Problem details
Print, exactly as they stand, the lines below from the one that has "1421x1305 Shirt Clipart Black And White" to the one that has "Black Onyx, FWP", inclusive, leaving out the pictures.

Records shown

───

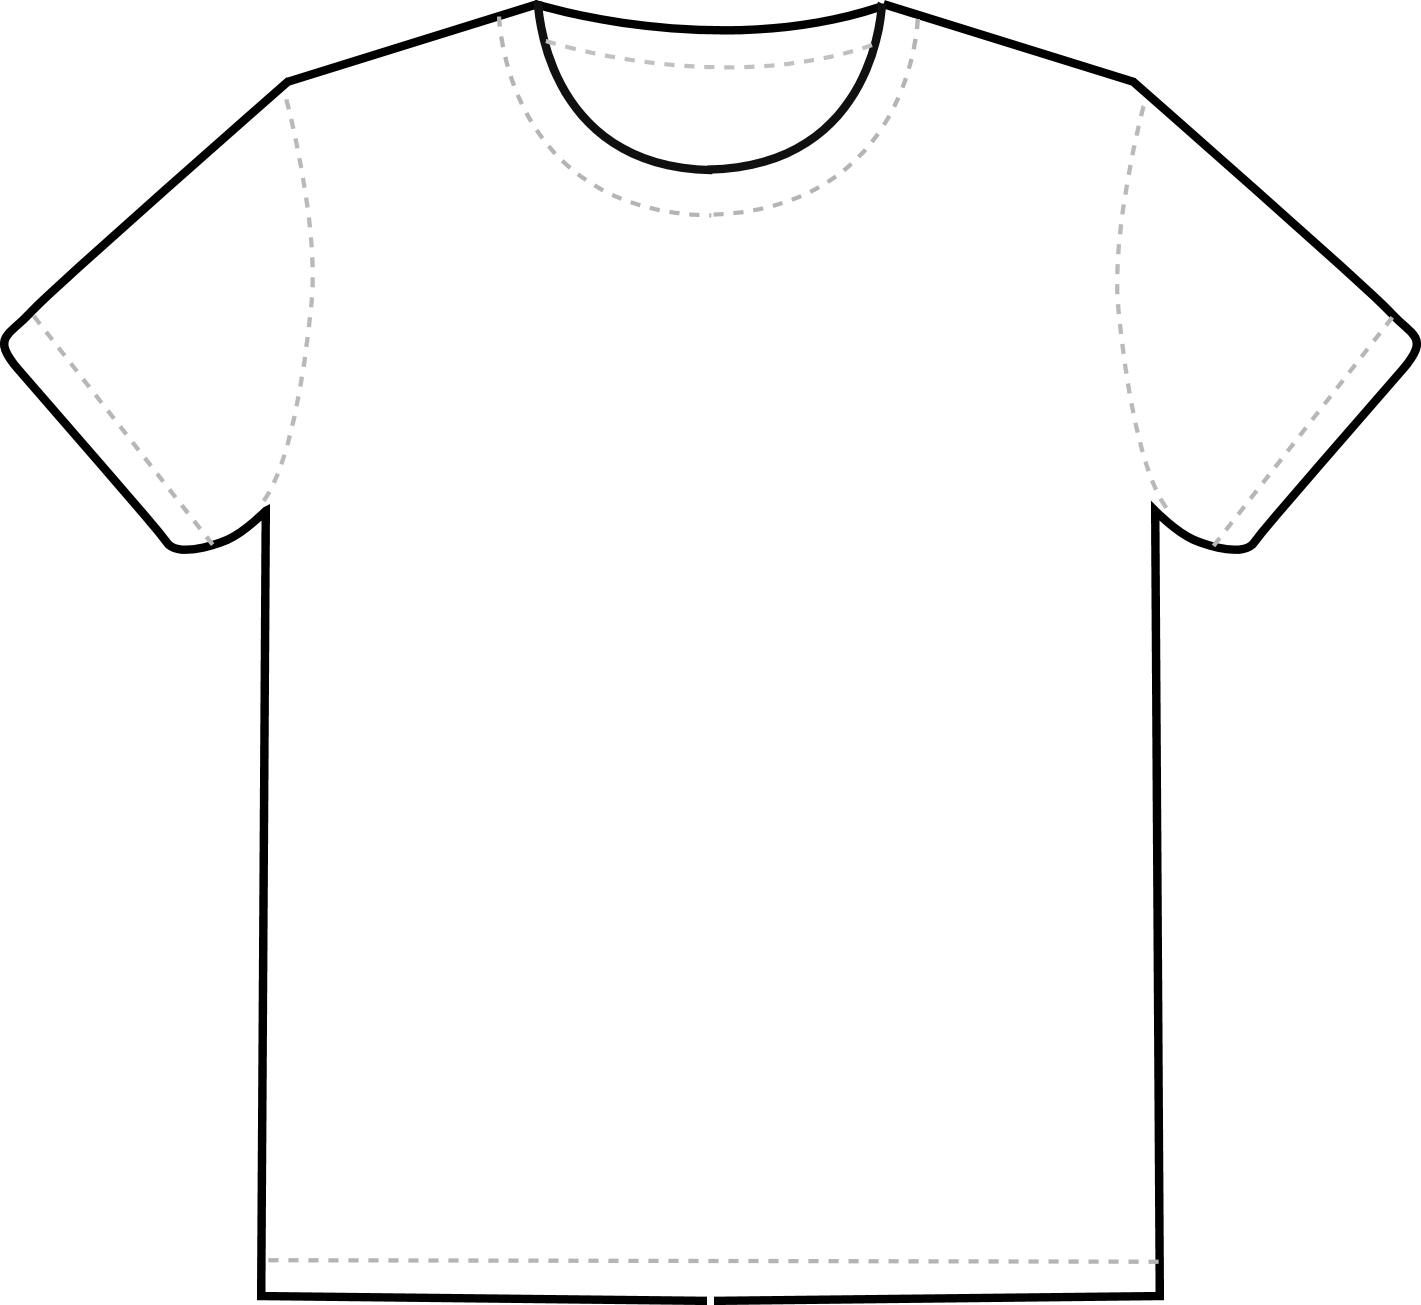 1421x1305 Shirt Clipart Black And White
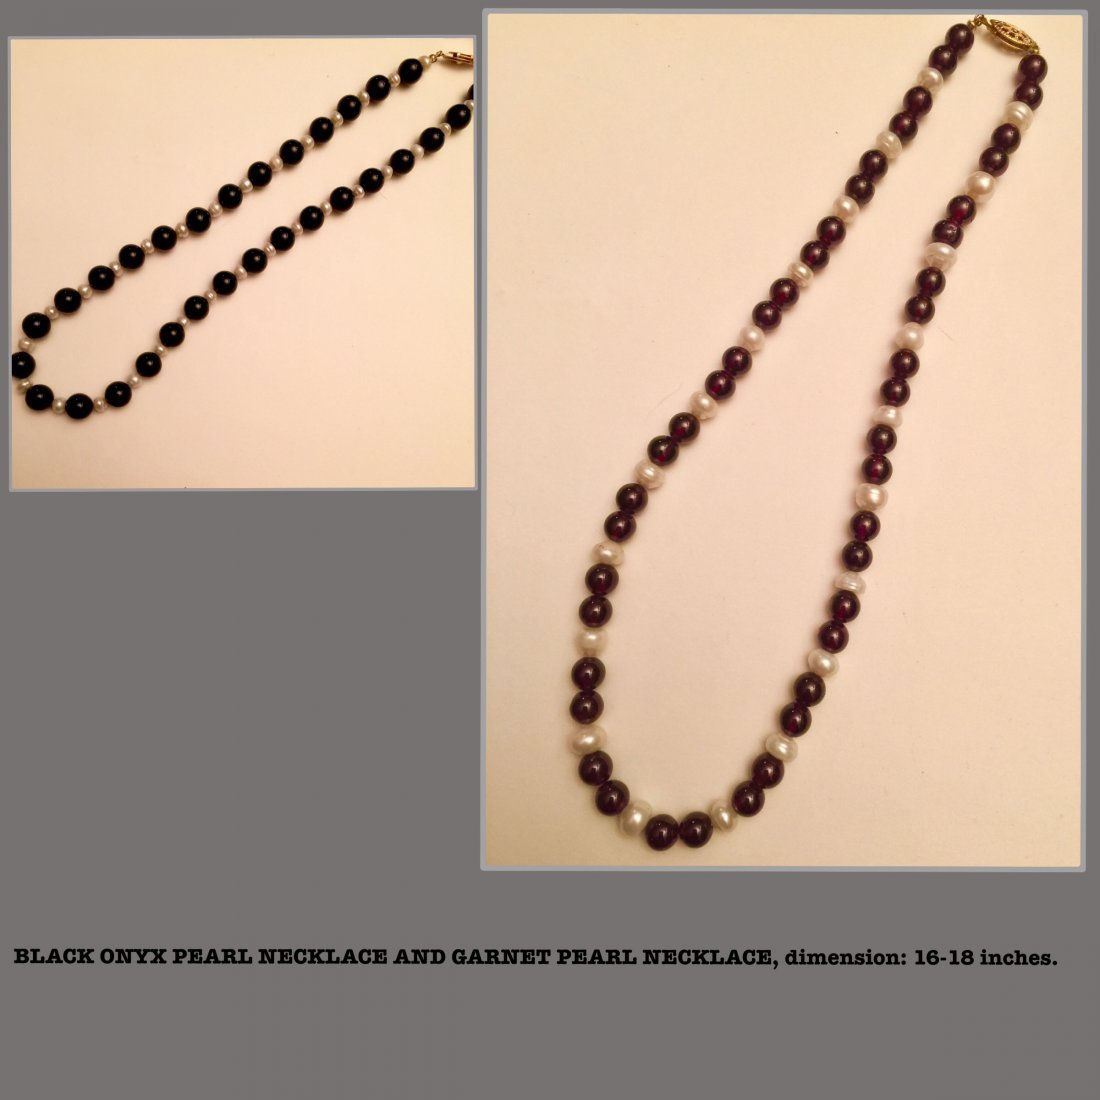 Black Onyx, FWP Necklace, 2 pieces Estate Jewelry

───

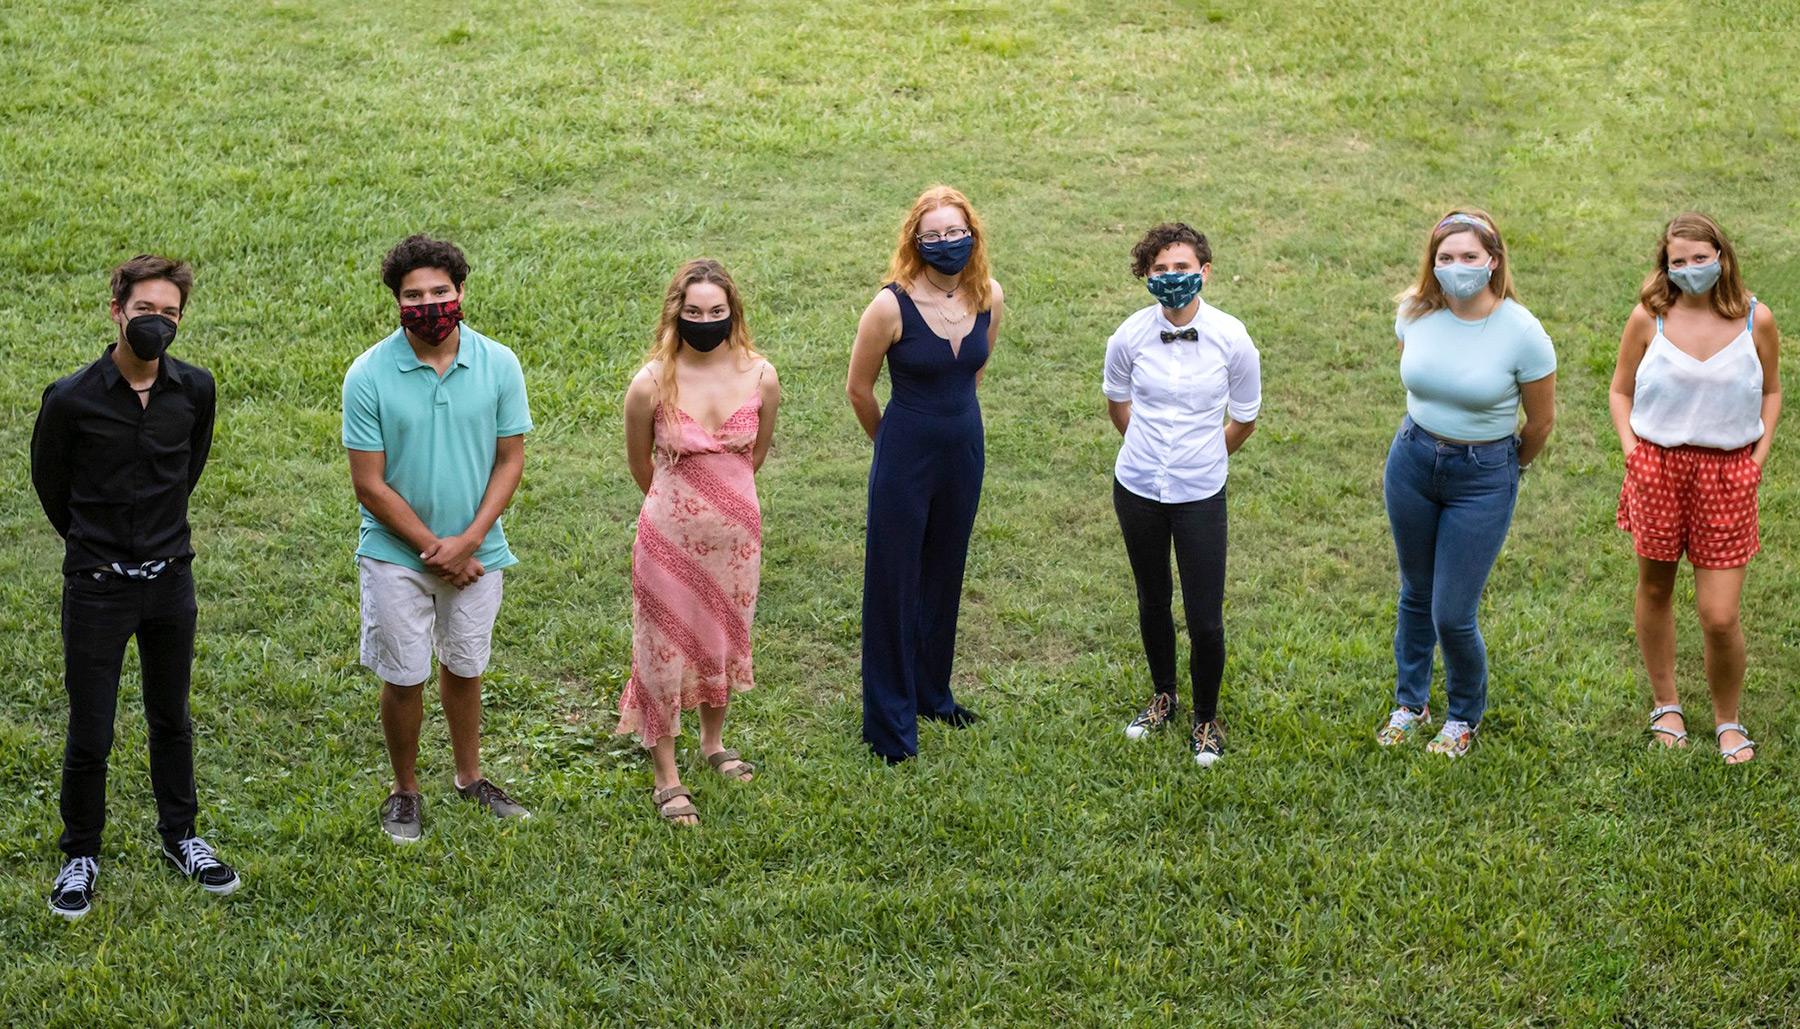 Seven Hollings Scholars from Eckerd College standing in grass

───

Written answer
 1421x1305 Shirt Clipart Black And White
 Black Onyx, FWP Necklace, 2 pieces Estate Jewelry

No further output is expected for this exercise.